The following animation was generated using ParaView to open the .vtk format outputs, this can be done by setting the format to be 'vtk' in the SPECIAL_OUTPUT block in model.json file

"OUTPUT": {
"SPECIAL_OUTPUT": [
{
"format": "vtk",
...
}
]
}
Alternatively, animation in QGIS by changing the format to shape is also possible but needs a bit more post-processing by the user (see this README for details.)
More details in the case README
This case tests the bed load transport and morphological modules in BASEHPC. The senario of stationary flow in a widening open channel is simulated. It is expected that as the channel widens and the flow decelerates, the bed load transport decreases downstream and thus the bed elevates due to accretion.
Specifically, the channel increases from 20 m wide at the upstream inflow boundary to be 40 m wide at the outflow boundary 50 m downstream.
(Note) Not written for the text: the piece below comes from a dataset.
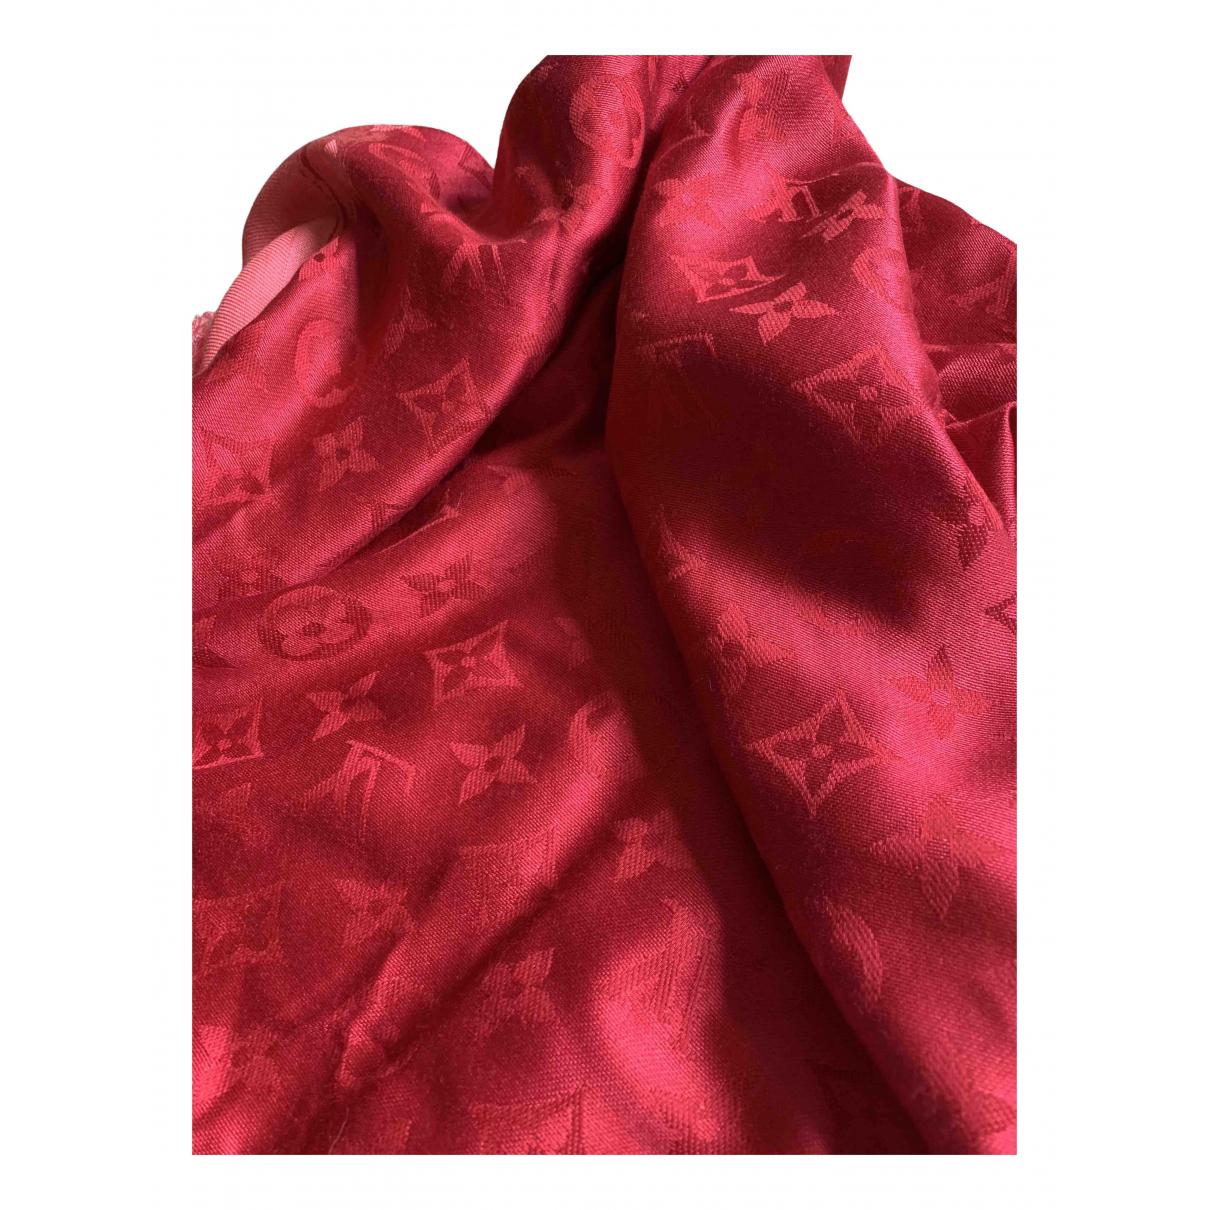 Louis Vuitton - Foulard Chale Monogram shine pour femme en soie - rouge

The model was initialised with 20 m3/s discharge and a dry bed, which was set to be fixed bed in the first 100 seconds. After that the bed load transport module was activated and accordingly the morphological change was simulated. A uniform bed of grain size 0.02 m, density 3000 kg/m3 and porosity 0.4 was adopted. The bed load transport was computed using the Meyer-Peter and Müller (1948) model (see MPM model in the reference manuals for details of the mathematical model implemented in the sediment transport module of BASEMENT).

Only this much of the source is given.